Here, I want to share a Verilog function for finding the square root of a binary number. The function is based on "Non-Restoring Square Root algorithm". You can learn more about the algorithm from this paper. The function takes a 32 bit input number and returns a 16 bit square root. The block diagram of the algorithm is given below:

Here D is the input number. R is the remainder of the operation for non-perfect squares. Q contains the square root of 'D'.

The Verilog function along with the testbench code is given below:

module testbench;

reg [15:0] sqr;

//Verilog function to find square root of a 32 bit number.
//The output is 16 bit.
function [15:0] sqrt;
input [31:0] num;  //declare input
//intermediate signals.
reg [31:0] a;
reg [15:0] q;
reg [17:0] left,right,r;
integer i;
begin
//initialize all the variables.
a = num;
q = 0;
i = 0;
left = 0;   //input to adder/sub
right = 0;  //input to adder/sub
r = 0;  //remainder
//run the calculations for 16 iterations.
for(i=0;i<16;i=i+1) begin
right = {q,r[17],1'b1};
left = {r[15:0],a[31:30]};
a = {a[29:0],2'b00};    //left shift by 2 bits.
if (r[17] == 1) //add if r is negative
r = left + right;
else    //subtract if r is positive
r = left - right;
q = {q[14:0],!r[17]};
end
sqrt = q;   //final assignment of output.
end
endfunction //end of Function

//simulation-Apply inputs.
initial begin
sqr = sqrt(32'd4000000);    #100;
sqr = sqrt(32'd96100);  #100;
sqr = sqrt(32'd25); #100;
sqr = sqrt(32'd100000000);  #100;
sqr = sqrt(32'd33); #100;
sqr = sqrt(32'd3300);   #100;
sqr = sqrt(32'd330000); #100;
sqr = sqrt(32'd3300000000); #100;
end

endmodule

Simulation waveform:

The code was synthesised and simulated using Xilinx ISE 14.6.
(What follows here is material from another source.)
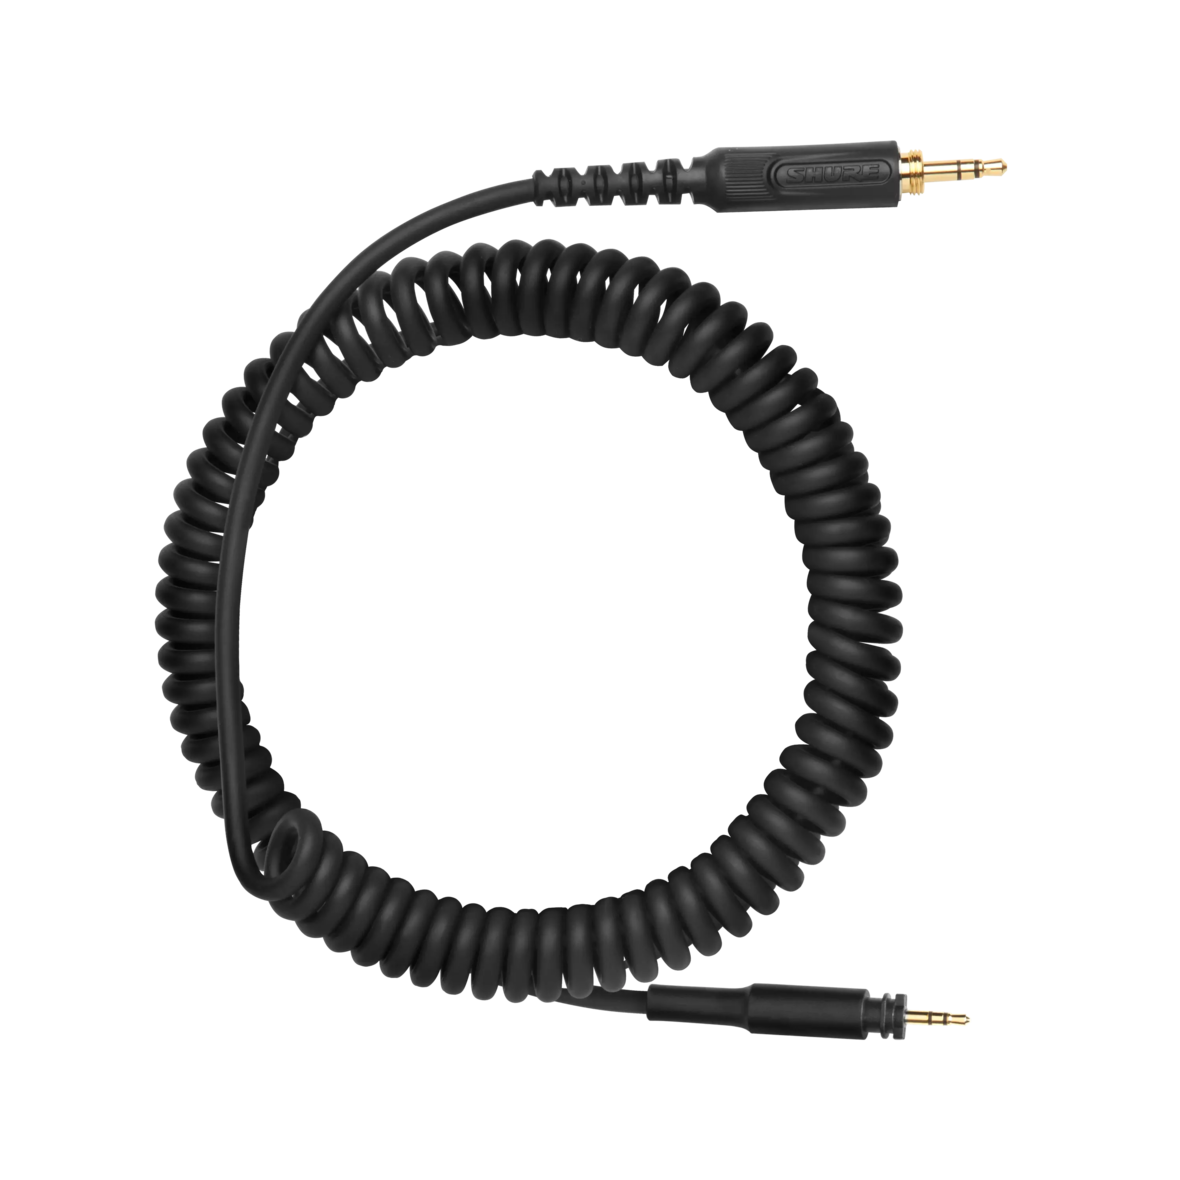 SRH-CABLE-COILED - Câble spiralé avec jack 3,5mm pour les casques

From the waveform, you can see that, for perfect squares we get the exact square root as result. But for other inputs, there is an error of +/- 1.
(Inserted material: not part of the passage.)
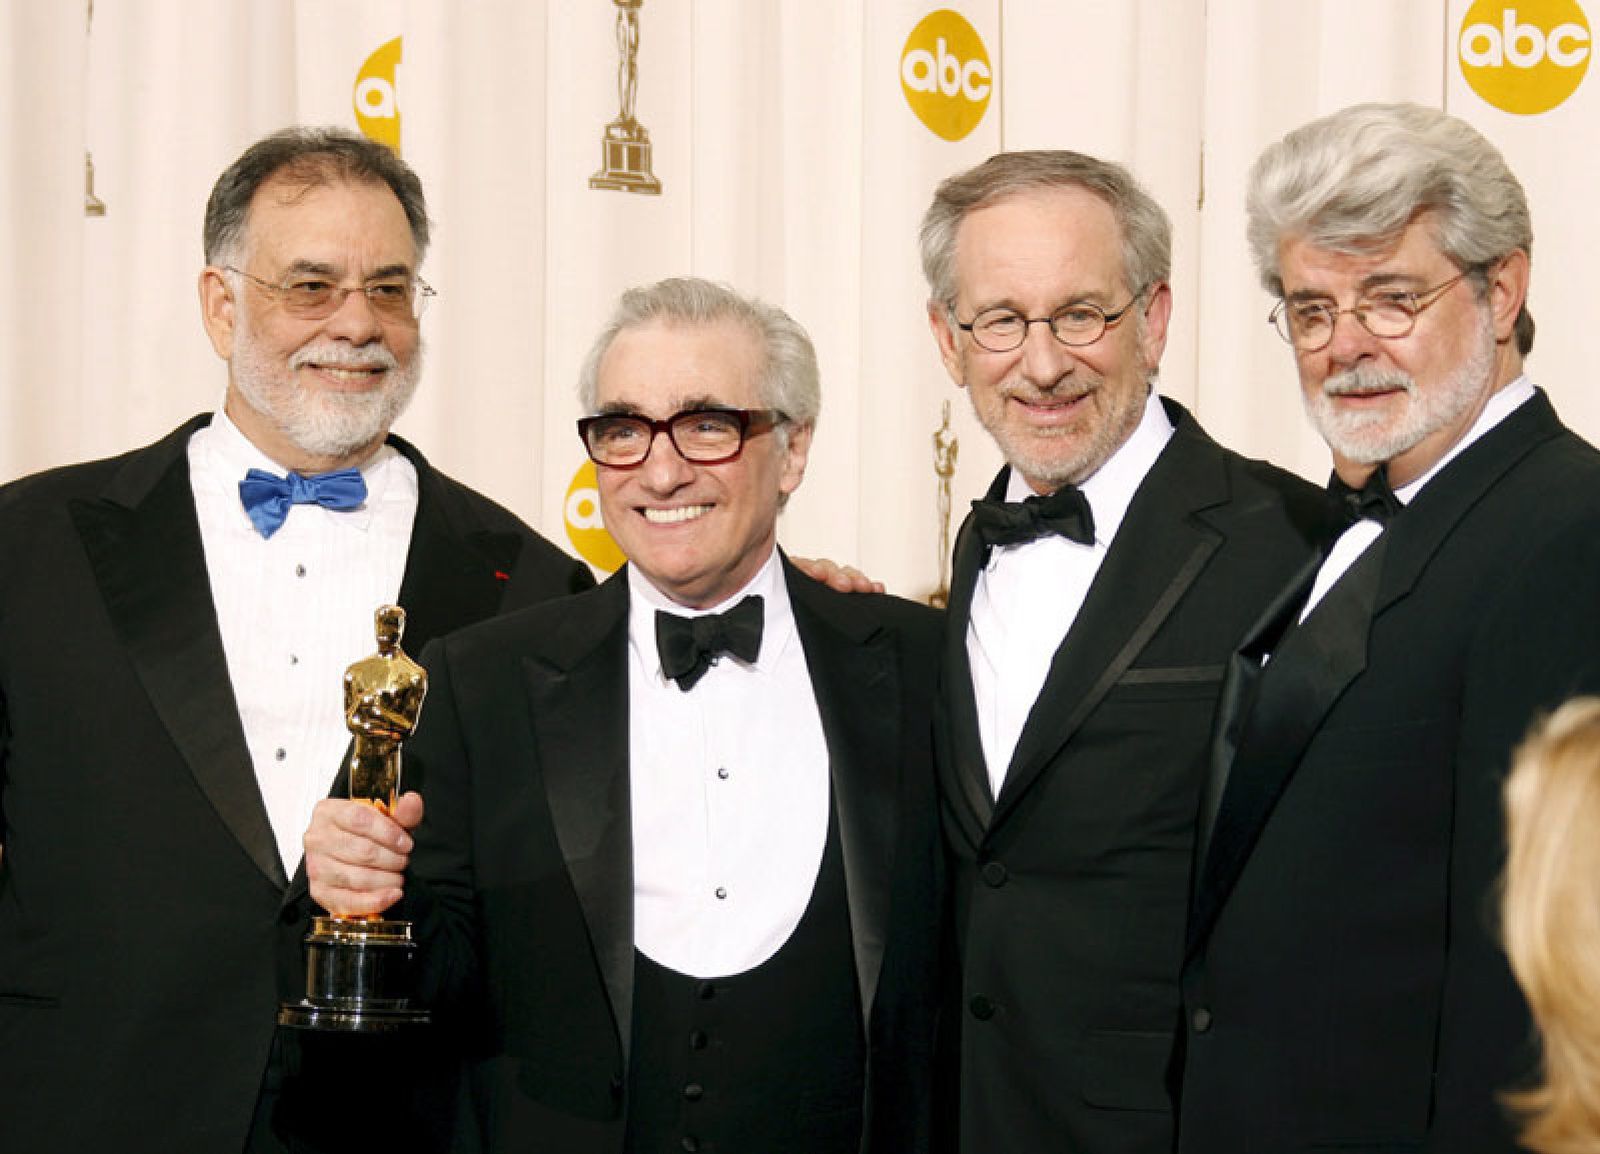 Foto: Martin Scorsese y su película 'Infiltrados' ganadores en una noche muy repartida

Another way to increase the precision is adding multiples of two zeros to the right of input.

Notice the last 4 inputs in the testbench.

Actual Square root of 33 = 5.7445, But we get 5.
Further for input, 3300 we get 57 as output. Adding 2 zeros we get one fractional digit in the output.
Further for input, 330000 we get 574 as output. Adding 4 zeros we get two fractional digits in the output.
Further for input, 3300000000 we get 57445 as output. Adding 8 zeros we get four fractional digits in the output.